Learn about zener diodes, how to use them in conjunction with BJTs etc as well. There are many ways to control current and voltage- just remember they are never independent of one another (unless manipulated to be so).

Get this book, it will get you up to speed, including BJTs faster than almost anything else:

Title: Understanding Basic Electronics, 1st Ed.
Publisher: The American Radio Relay League
ISBN: 0-87259-398-3

Hello. I am very interested in hearing more about how to lower voltage using capacitors. The only way I know, and to pass 300mA at 60Hz mains outlet, I would need a non-polarized 10uF cap that will be the size of my fist. If you know of specific articles on this subject please point me there.

The constant current idea snippet you attached is an idealized one. In reality It will vary too much with temperature and cannot be used with current sensitive devices such as simple LED's. Those BJT's will also get very hot and require huge heat sinks. My solution keeps a constant current at any temperature and without using any heatsinks. The circuit I have so far I believe is on the right track. Unless someone can tell me specifically why it is so bad and provide a solution as well, not just criticisms without any solution ideas.

In fact it is not my solution, but pieces of information i've gathered and put together while studying. Thank you.

 

can we put idiotic designs on the list?

Hi. Please provide your solution. Thanks.

 

Hi. Please provide your solution. Thanks.

Solution to what? Still missing things like what does the circuit do, what are the technical requirements. what is "L", etc.

ak

 

Hello. I am very interested in hearing more about how to lower voltage using capacitors. The only way I know, and to pass 300mA at 60Hz mains outlet, I would need a non-polarized 10uF cap that will be the size of my fist. If you know of specific articles on this subject please point me there.

The constant current idea snippet you attached is an idealized one. In reality It will vary too much with temperature and cannot be used with current sensitive devices such as simple LED's. Those BJT's will also get very hot and require huge heat sinks. My solution keeps a constant current at any temperature and without using any heatsinks. The circuit I have so far I believe is on the right track. Unless someone can tell me specifically why it is so bad and provide a solution as well, not just criticisms without any solution ideas.

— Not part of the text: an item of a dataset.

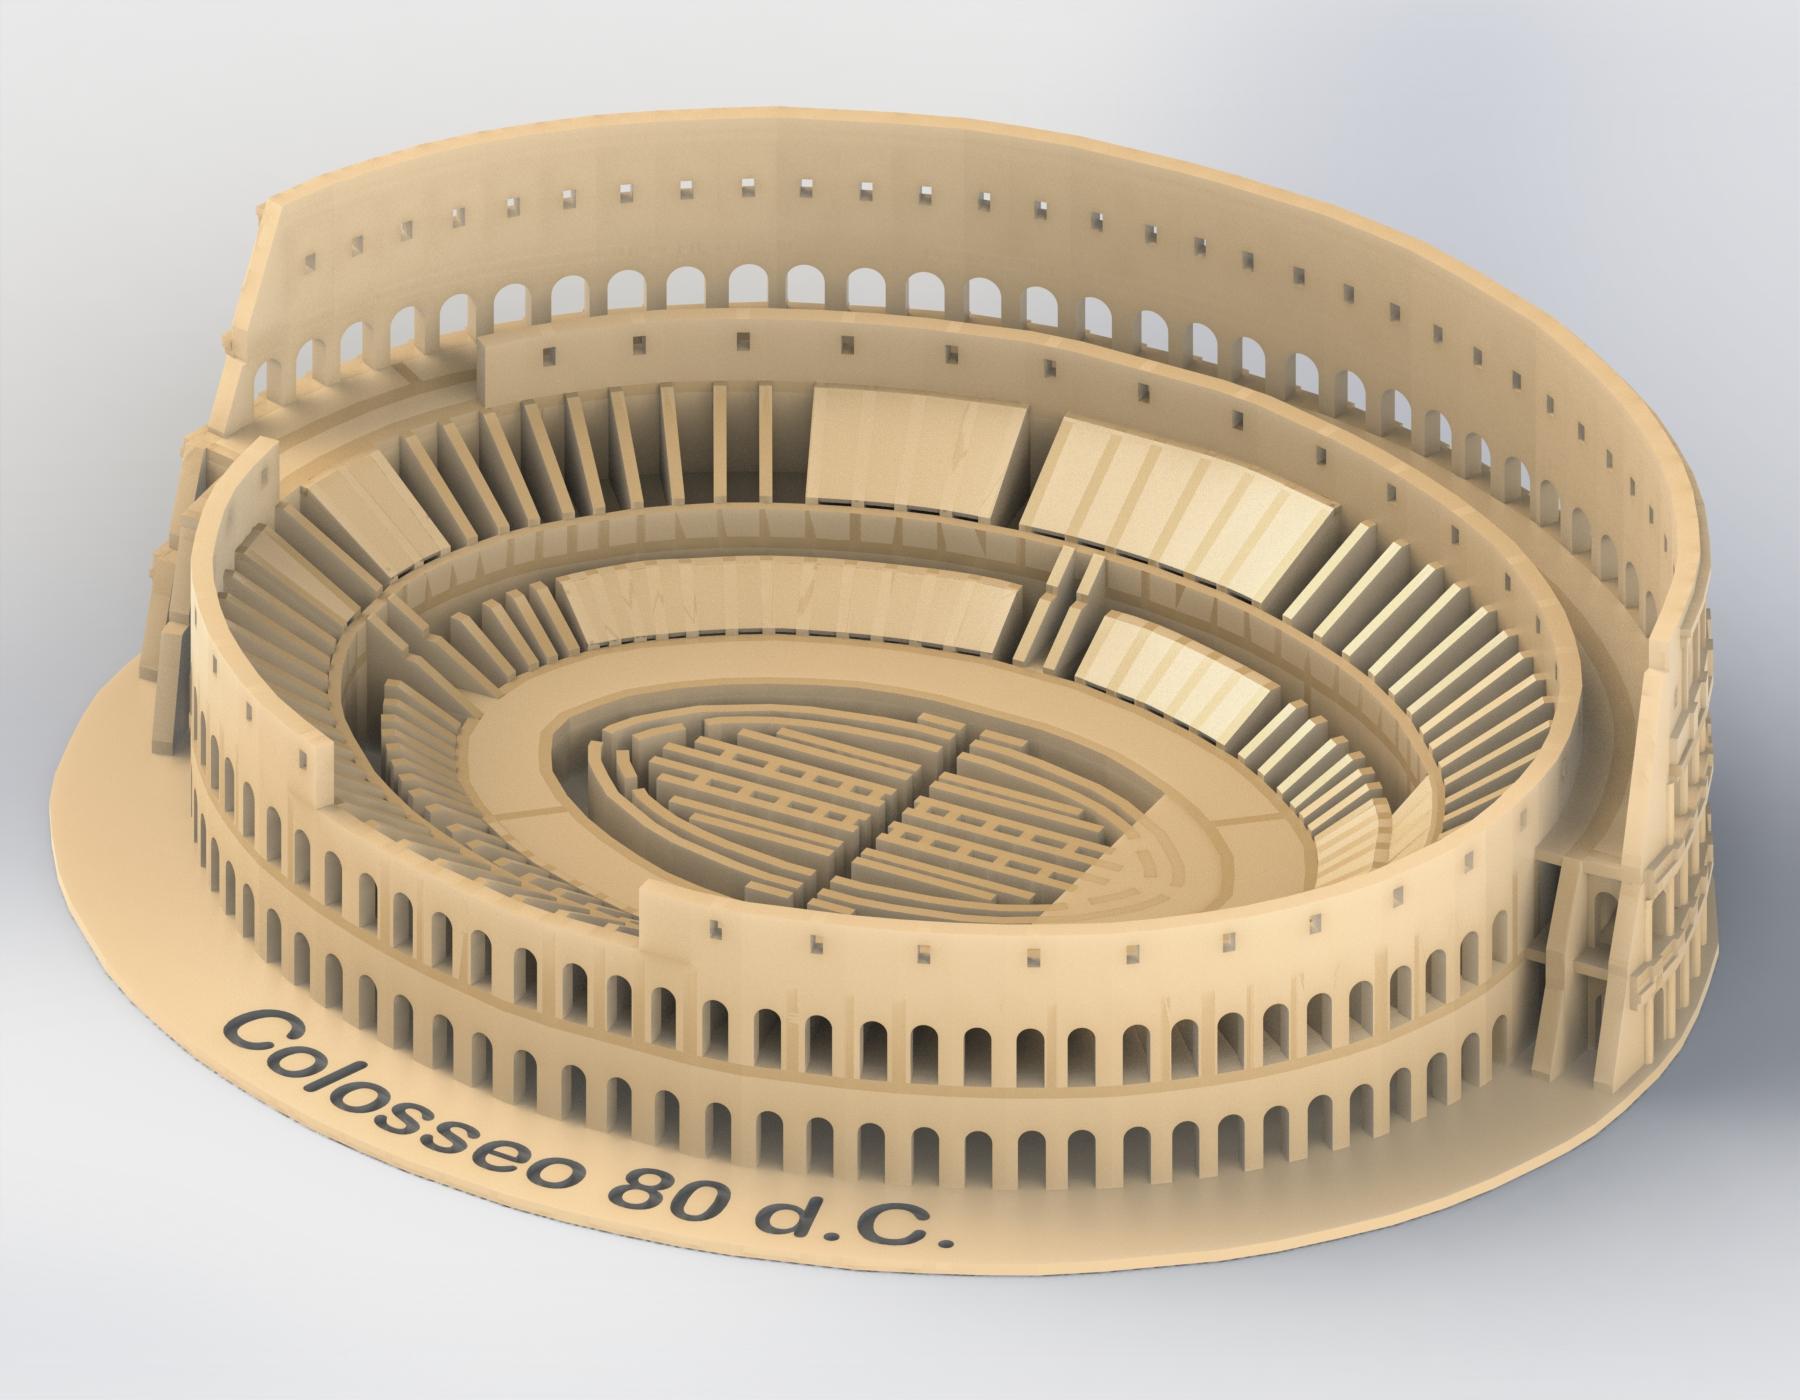 Colosseum 3d model

In fact it is not my solution, but pieces of information i've gathered and put together while studying. Thank you.

Yes, the constant current circuit is simple, and being in linear region it can get warm. It works fine with LEDs, which don't use a lot of current, unless your talking high-energy (multi-watt) LED setups. How warm it gets is a function of the current you require. It was just one concept to show that there are simpler ways.

As a rule of thumb, use simple discreet circuits to control signal/current parameters, and then scale output with other devices (like OpAmps, transistors, multipliers, etc.

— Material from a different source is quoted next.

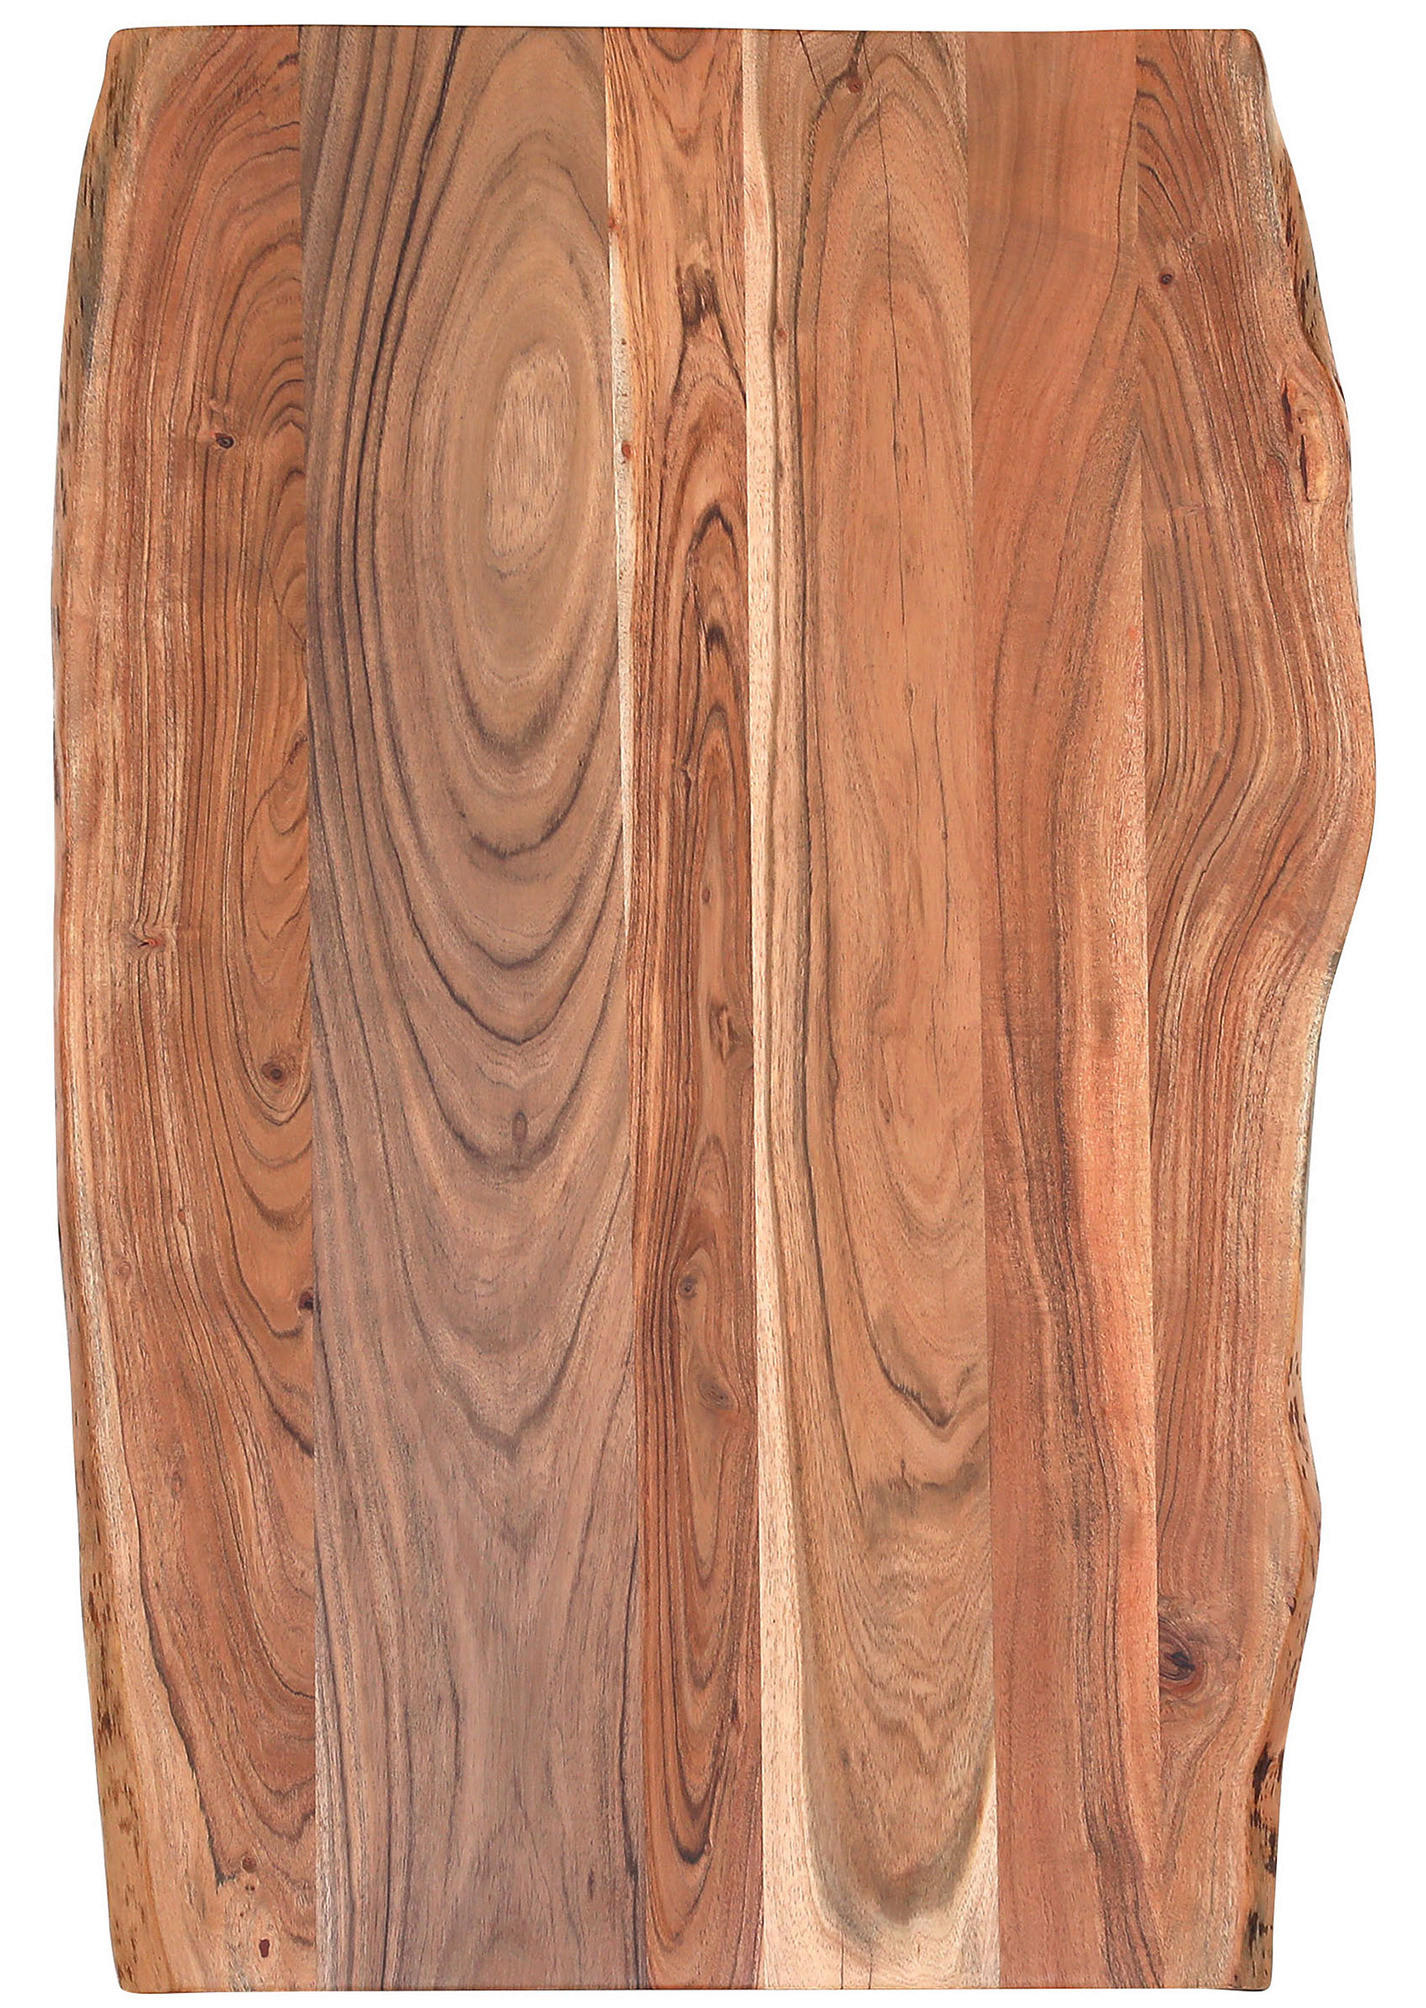 ESSTISCH 140/90/76 cm Akazie massiv Holz Weiß, Akaziefarben rechteckig  - Weiß/Akaziefarben, Design, Holz/Metall (140/90/76cm) - Landscape

Capacitors are your most powerful to way to control current in the A/C environment. Look in the book I pointed out to you to learn about capacitive reactance. Here is another link:

https://www.electronics-tutorials.ws/capacitor/cap_8.html

You can rework the equations to determine the capacitor size. Engineering is always a trade-off of constraints. Figure out which constraints you can't change, and which ones you can.

 

Yes, the constant current circuit is simple, and being in linear region it can get warm. It works fine with LEDs, which don't use a lot of current, unless your talking high-energy (multi-watt) LED setups. How warm it gets is a function of the current you require. It was just one concept to show that there are simpler ways.

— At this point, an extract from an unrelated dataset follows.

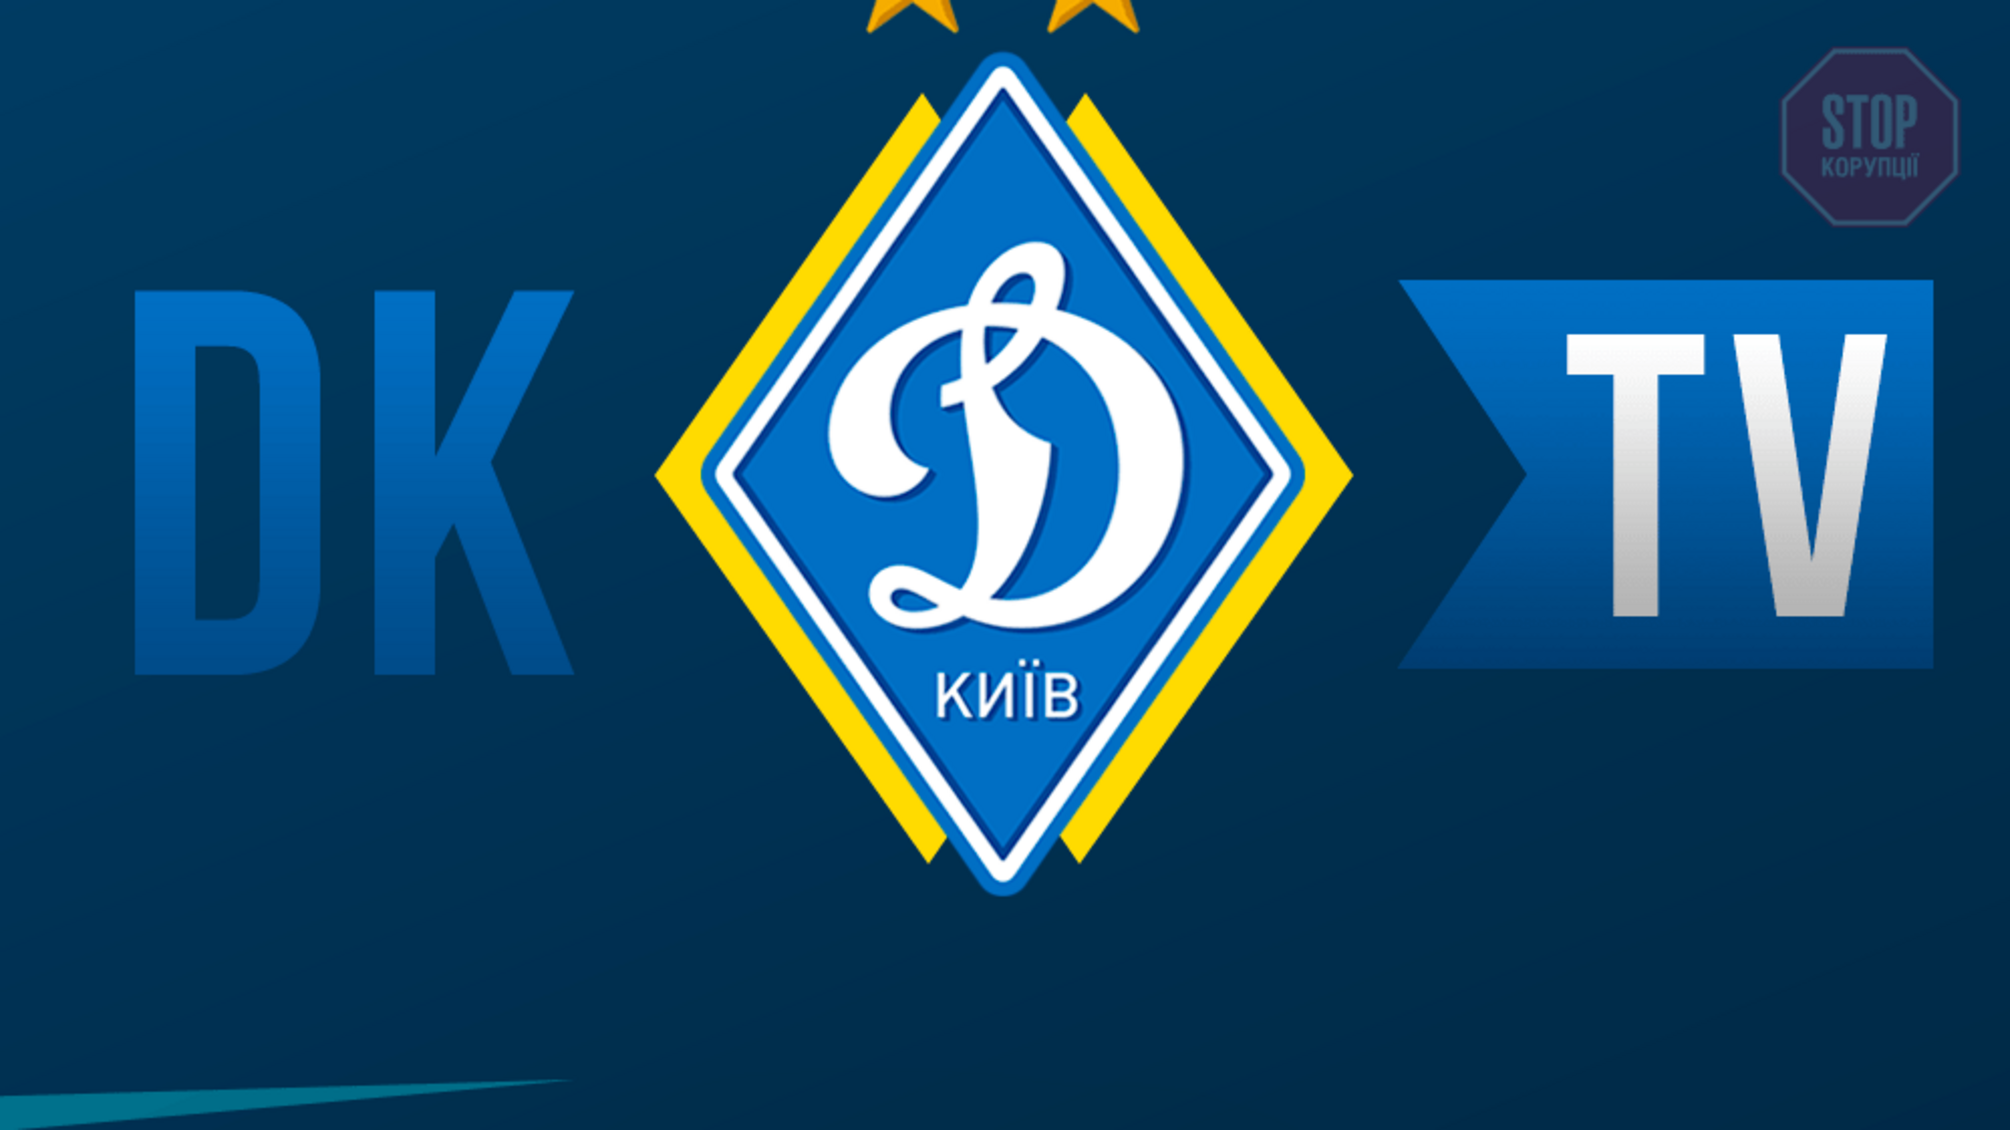 Футбольна команда “Динамо” анонсувала запуск власного телеканалу 

As a rule of thumb, use simple discreet circuits to control signal/current parameters, and then scale output with other devices (like OpAmps, transistors, multipliers, etc.

Capacitors are your most powerful to way to control current in the A/C environment. Look in the book I pointed out to you to learn about capacitive reactance. Here is another link:

https://www.electronics-tutorials.ws/capacitor/cap_8.html

You can rework the equations to determine the capacitor size. Engineering is always a trade-off of constraints. Figure out which constraints you can't change, and which ones you can.

When I started this project six months ago capacitive resistance with AC was the first method I looked at. It is definitely not the way to do this. Say I want 200mA for a large LED bulb at 40 V (this is what I actually have).I would need a *huge* capacitor to begin the circuit with. And then still use a comparator with hysteresis to achieve any constant current I want that will not be affected with temperature changes.

Turning the knob of a BJT half way will also make it way too hot and never provide an exact current. Vhfe (Beta) value varies too much. The only way must be using a mosfet with a clean square wave at its gate with feedback to a comparator, so it achieves constant current and also doesn't get hot. Unless somebody can show me otherwise.

I discovered something last night about why Q3 won't turn on. Q3 not turning on is the reason I came here for help. Once I finalize this I will share it. Thanks.

 

@farhadsaberi
I found an appropriate automotive capacitor on mouser that is only 2.25" long (largest dimension), hardly 'fist-sized'. You would be surprised how capacitors and inductors are used in substations to control much much larger currents and voltages. Your incumbent utility uses them all the time.

It isn't capacitive resistance, it's reactance. There is a difference. Virtually no thermal/heat dissipation with the capacitor. My goal wasn't to force you to a solution, it was to reconsider what you've done and simplify it. What you've done is far too complex, IMHO.

If the book I pointed out to you seems too simple for you, then try this one:

The Art of Electronics 3rd Ed.
Author(s) Horowitz & Hill
ISBN-10: 9780521809269

Wishing you well on your endeavor. If you still have trouble figuring out why Q3 isn't firing, perhaps the first book I suggested would be worth your time.

 

When I started this project six months ago capacitive resistance with AC was the first method I looked at. It is definitely not the way to do this. Say I want 200mA for a large LED bulb at 40 V (this is what I actually have).I would need a *huge* capacitor to begin the circuit with. And then still use a comparator with hysteresis to achieve any constant current I want that will not be affected with temperature changes.

Turning the knob of a BJT half way will also make it way too hot and never provide an exact current. Vhfe (Beta) value varies too much. The only way must be using a mosfet with a clean square wave at its gate with feedback to a comparator, so it achieves constant current and also doesn't get hot. Unless somebody can show me otherwise.

I discovered something last night about why Q3 won't turn on. Q3 not turning on is the reason I came here for help. Once I finalize this I will share it. Thanks.

Could you please explain what the circuit is supposed to do, and why do you need to run it on an high voltage , as said in other posts Q3 won't turn on because you're trying to pulse it with a lower voltage .